What is needed:
Only some lines are wanted. Transcribe, exactly, the lines below from the line with "Poser Un Chant" up to and including the line with "A92AE8E2-3E8A-4A7C-B04E-B8896059EC2F - Jasmine".

Collected data entries:
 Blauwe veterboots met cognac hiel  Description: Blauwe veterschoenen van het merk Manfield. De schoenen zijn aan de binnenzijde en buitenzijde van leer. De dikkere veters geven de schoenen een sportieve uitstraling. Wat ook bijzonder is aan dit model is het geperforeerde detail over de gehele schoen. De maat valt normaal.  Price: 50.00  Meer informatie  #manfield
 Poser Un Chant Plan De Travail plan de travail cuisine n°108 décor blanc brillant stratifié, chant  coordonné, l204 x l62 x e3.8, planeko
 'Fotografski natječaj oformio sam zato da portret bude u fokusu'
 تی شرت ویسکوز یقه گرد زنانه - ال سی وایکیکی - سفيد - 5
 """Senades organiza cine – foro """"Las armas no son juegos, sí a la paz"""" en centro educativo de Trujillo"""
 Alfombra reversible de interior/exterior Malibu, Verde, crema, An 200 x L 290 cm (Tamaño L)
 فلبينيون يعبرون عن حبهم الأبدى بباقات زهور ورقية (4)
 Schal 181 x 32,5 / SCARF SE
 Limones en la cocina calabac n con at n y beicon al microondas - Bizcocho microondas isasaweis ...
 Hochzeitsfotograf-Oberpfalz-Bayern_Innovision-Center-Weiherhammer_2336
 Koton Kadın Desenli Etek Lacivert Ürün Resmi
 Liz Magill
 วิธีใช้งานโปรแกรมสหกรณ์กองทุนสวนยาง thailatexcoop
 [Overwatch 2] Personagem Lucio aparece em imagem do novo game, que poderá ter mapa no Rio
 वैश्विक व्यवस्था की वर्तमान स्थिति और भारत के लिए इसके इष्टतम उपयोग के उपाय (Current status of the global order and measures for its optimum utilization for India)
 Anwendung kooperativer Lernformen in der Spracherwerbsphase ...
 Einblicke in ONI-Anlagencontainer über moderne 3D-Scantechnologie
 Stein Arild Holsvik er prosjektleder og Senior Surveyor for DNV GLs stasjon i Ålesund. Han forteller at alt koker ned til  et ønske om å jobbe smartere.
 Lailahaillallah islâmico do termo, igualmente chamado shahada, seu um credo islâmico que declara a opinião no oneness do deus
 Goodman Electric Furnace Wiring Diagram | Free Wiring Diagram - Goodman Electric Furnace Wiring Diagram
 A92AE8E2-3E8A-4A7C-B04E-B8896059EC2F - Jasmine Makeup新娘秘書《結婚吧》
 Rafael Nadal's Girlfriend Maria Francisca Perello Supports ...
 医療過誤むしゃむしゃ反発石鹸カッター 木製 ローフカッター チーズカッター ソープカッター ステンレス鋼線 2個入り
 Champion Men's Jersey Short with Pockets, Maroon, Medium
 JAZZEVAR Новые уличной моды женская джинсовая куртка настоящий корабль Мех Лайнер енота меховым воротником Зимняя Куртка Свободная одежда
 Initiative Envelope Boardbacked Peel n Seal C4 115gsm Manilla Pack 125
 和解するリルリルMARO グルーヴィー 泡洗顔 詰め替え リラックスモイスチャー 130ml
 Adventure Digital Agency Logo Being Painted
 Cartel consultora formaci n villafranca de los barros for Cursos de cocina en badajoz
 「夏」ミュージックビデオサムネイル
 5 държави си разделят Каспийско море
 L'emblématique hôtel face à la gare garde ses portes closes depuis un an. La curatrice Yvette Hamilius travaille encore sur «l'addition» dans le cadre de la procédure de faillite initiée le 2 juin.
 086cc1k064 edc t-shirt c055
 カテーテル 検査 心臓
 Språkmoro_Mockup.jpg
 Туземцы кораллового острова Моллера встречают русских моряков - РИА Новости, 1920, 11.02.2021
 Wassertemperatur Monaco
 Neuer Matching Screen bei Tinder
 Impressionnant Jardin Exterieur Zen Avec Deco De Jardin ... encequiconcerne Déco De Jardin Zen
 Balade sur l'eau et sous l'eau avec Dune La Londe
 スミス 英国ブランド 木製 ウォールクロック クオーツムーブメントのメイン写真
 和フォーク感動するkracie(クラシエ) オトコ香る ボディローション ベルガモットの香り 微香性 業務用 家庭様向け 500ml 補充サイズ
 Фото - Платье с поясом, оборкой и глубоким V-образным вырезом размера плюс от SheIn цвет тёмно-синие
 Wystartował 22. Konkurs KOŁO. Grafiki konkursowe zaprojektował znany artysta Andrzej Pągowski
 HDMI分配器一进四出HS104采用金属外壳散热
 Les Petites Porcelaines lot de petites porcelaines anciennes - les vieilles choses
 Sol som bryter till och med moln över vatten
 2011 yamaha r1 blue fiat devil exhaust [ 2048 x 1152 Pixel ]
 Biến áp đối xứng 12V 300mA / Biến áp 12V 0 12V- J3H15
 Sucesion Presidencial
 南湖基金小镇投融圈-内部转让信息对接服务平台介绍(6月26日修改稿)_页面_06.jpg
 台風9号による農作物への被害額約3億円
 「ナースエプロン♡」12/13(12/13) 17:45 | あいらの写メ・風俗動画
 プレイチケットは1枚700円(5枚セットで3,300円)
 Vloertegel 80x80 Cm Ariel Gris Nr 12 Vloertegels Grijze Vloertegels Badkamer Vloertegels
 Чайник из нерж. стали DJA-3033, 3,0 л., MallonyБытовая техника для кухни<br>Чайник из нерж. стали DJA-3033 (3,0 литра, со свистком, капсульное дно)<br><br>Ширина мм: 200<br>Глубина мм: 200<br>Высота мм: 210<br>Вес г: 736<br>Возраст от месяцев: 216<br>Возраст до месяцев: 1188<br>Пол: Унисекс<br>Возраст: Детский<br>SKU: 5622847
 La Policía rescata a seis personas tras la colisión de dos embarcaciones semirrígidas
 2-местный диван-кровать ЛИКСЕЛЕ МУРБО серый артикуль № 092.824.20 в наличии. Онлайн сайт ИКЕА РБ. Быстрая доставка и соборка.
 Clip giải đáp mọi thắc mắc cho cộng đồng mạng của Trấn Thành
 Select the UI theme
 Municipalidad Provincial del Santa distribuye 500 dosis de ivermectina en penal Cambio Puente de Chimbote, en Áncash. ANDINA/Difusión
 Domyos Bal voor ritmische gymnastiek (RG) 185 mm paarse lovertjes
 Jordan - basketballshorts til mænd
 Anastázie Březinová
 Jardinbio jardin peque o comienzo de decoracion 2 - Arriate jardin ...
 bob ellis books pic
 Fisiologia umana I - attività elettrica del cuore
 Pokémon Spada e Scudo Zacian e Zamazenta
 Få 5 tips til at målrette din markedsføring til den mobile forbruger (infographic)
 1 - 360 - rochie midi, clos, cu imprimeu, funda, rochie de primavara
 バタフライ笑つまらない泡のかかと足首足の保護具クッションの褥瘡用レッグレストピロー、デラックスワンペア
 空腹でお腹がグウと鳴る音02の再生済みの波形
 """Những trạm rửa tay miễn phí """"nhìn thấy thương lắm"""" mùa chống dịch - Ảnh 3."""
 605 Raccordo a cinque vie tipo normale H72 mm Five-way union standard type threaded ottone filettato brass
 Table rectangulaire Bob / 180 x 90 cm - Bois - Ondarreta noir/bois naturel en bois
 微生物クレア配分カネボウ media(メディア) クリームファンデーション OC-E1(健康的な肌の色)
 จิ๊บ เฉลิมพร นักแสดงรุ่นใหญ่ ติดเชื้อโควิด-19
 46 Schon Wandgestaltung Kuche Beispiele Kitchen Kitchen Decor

Response area:
 Poser Un Chant Plan De Travail plan de travail cuisine n°108 décor blanc brillant stratifié, chant  coordonné, l204 x l62 x e3.8, planeko
 'Fotografski natječaj oformio sam zato da portret bude u fokusu'
 تی شرت ویسکوز یقه گرد زنانه - ال سی وایکیکی - سفيد - 5
 """Senades organiza cine – foro """"Las armas no son juegos, sí a la paz"""" en centro educativo de Trujillo"""
 Alfombra reversible de interior/exterior Malibu, Verde, crema, An 200 x L 290 cm (Tamaño L)
 فلبينيون يعبرون عن حبهم الأبدى بباقات زهور ورقية (4)
 Schal 181 x 32,5 / SCARF SE
 Limones en la cocina calabac n con at n y beicon al microondas - Bizcocho microondas isasaweis ...
 Hochzeitsfotograf-Oberpfalz-Bayern_Innovision-Center-Weiherhammer_2336
 Koton Kadın Desenli Etek Lacivert Ürün Resmi
 Liz Magill
 วิธีใช้งานโปรแกรมสหกรณ์กองทุนสวนยาง thailatexcoop
 [Overwatch 2] Personagem Lucio aparece em imagem do novo game, que poderá ter mapa no Rio
 वैश्विक व्यवस्था की वर्तमान स्थिति और भारत के लिए इसके इष्टतम उपयोग के उपाय (Current status of the global order and measures for its optimum utilization for India)
 Anwendung kooperativer Lernformen in der Spracherwerbsphase ...
 Einblicke in ONI-Anlagencontainer über moderne 3D-Scantechnologie
 Stein Arild Holsvik er prosjektleder og Senior Surveyor for DNV GLs stasjon i Ålesund. Han forteller at alt koker ned til  et ønske om å jobbe smartere.
 Lailahaillallah islâmico do termo, igualmente chamado shahada, seu um credo islâmico que declara a opinião no oneness do deus
 Goodman Electric Furnace Wiring Diagram | Free Wiring Diagram - Goodman Electric Furnace Wiring Diagram
 A92AE8E2-3E8A-4A7C-B04E-B8896059EC2F - Jasmine Makeup新娘秘書《結婚吧》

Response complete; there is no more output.